Generative AI Algorithms to Create Music

Computational Creativity (CC) aims to emulate or replicate human-like creativity using a computer. Its algorithms are used to generate novel and recombined music with aesthetic value. Machine Learning-based intelligence involves the synthesis of novel ideas or insights, given data. If intelligence can be learned, so, can creativity.

The paradox in programming creativity is its open-ended nature exploited by AI algorithms which instantiate deterministic rules to reduce the scope of the problem. Creativity is open-ended, nonconformist, absurd, and infinitely complex. So “rules” need to be put in place to address the complexity and guide structure, efficiency, and quality while compromising on variation, abstractness, and quantity.

Music metacreation means programming a system that creates a novel variety of music. There are many concepts and algorithms to create music, some of which I discuss.

A Markov chain is a sequence of nodes or events wherein the probability of the current state depends on the previous one. So you can compute transition probabilities from a state to the other and consolidate them in a matrix. For example, you’re playing Mario and the current instance leads to various next instances — you can jump, stay put, run, etc. Each instance will have a probability of occurrence given Mario’s current position, player behavior, and game constraints. There would be a sequence of ideal actions, or many, which will generate the highest reward — coins for example.

Similarly, using notes as states, there would be sequences of notes that sound better. This is used to determine pieces that have a high probability of sounding good together in a permutation. This concept can be used to generate aesthetic melodies. It overlooks more intricate patterns between notes as it only considers the previous note to arrive at the current note. It’s also prone to reusing patterns from training data leading to less original outputs.

Generative Grammar rules can be used to describe structures of music just like how grammar can be used to describe language. In grammar, there are terminal symbols and variables. The generated language is the set of all the strings of terminal symbols that can be obtained from a starting point and applying any number of rewriting rules in sequence.

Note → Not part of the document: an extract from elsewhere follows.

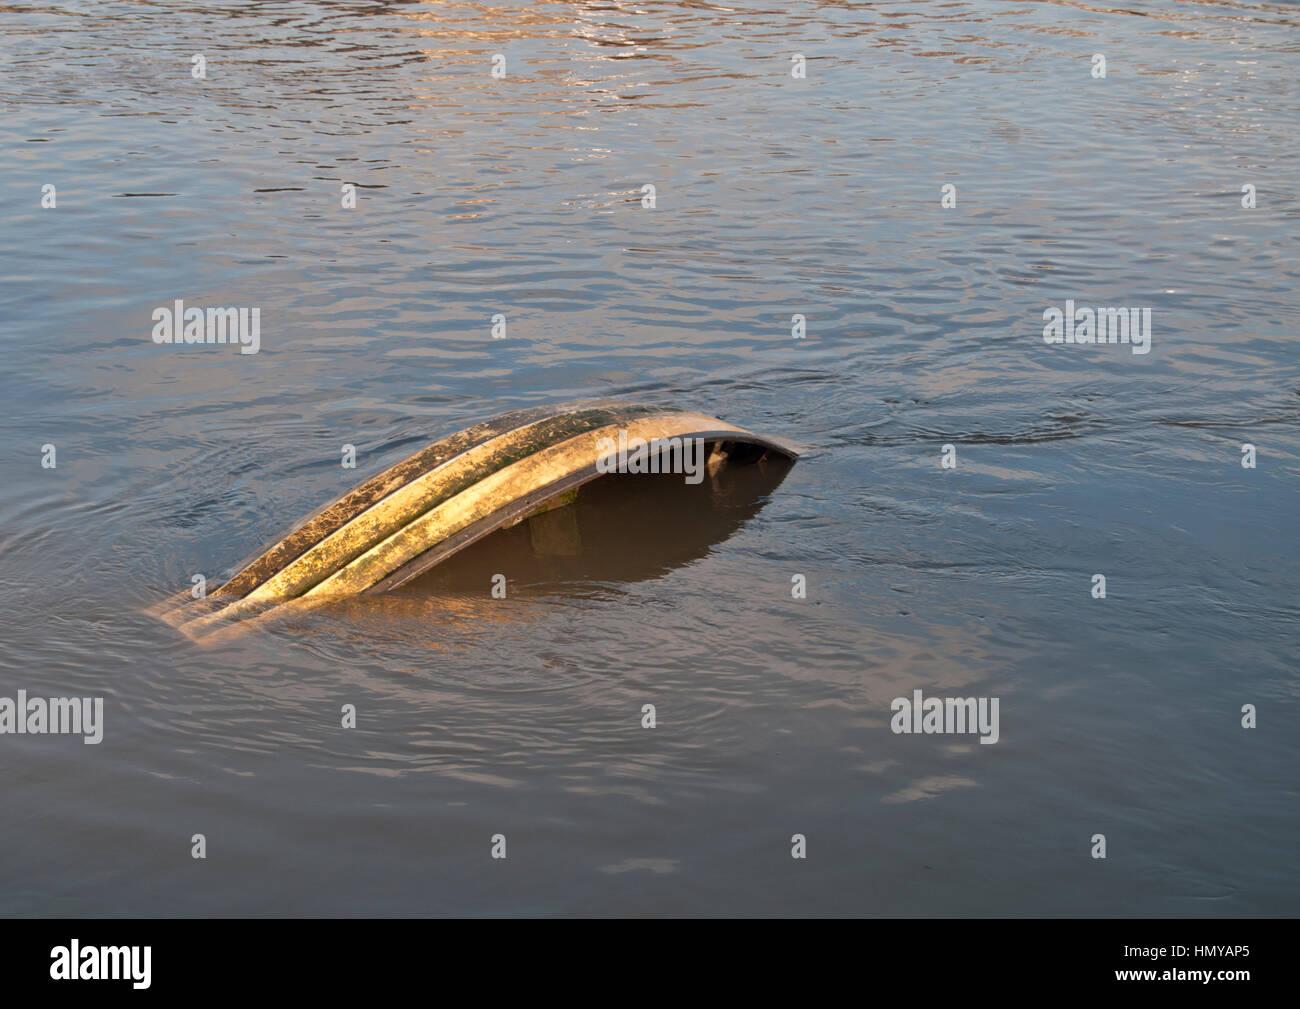 Sunken rowing boat after heavy rain on the river wear., - Stock Image
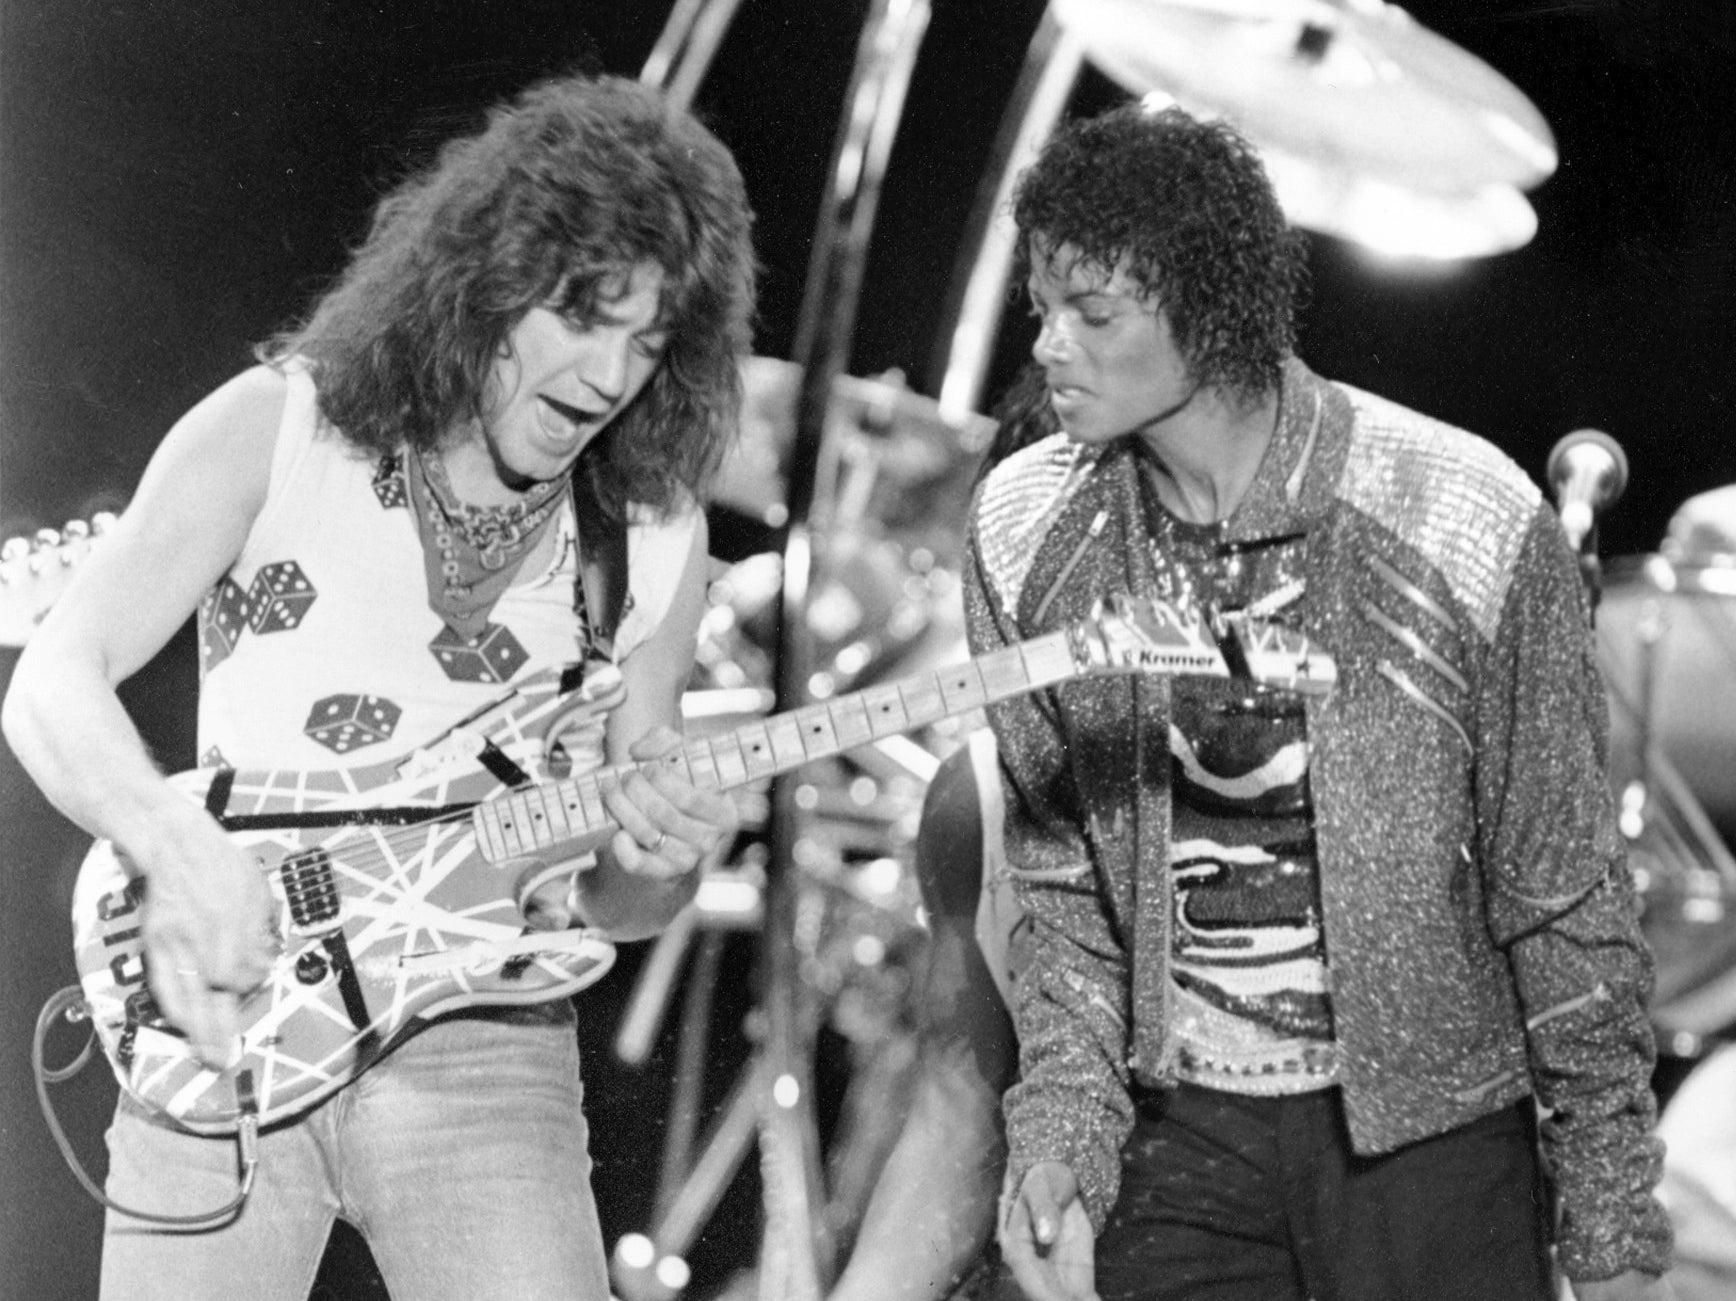 How Eddie Van Halen made Beat It a hit behind Michael Jackson's back

A grammar to describe musical material is used. This can be customized for a particular genre or sound. If you want to create Jazz, you may use Steedman’s grammar on Jazz chord sequences, or you may create your own grammar. You can represent chord sequences as symbols and use AI to generate chord progressions that agree with the grammar rules.

A related idea is to use pattern-matching algorithms to analyze “signatures,” short musical sequences that define the style being analyzed, and to determine when and how to use those signatures, perhaps embedding their symbolic representations into grammar. A Transitional network can then be used to generate music in the style of the composer. This technique usually leads to the reuse of material taken from the learned corpus in a novel way. The creativity can further be programmed to be more original.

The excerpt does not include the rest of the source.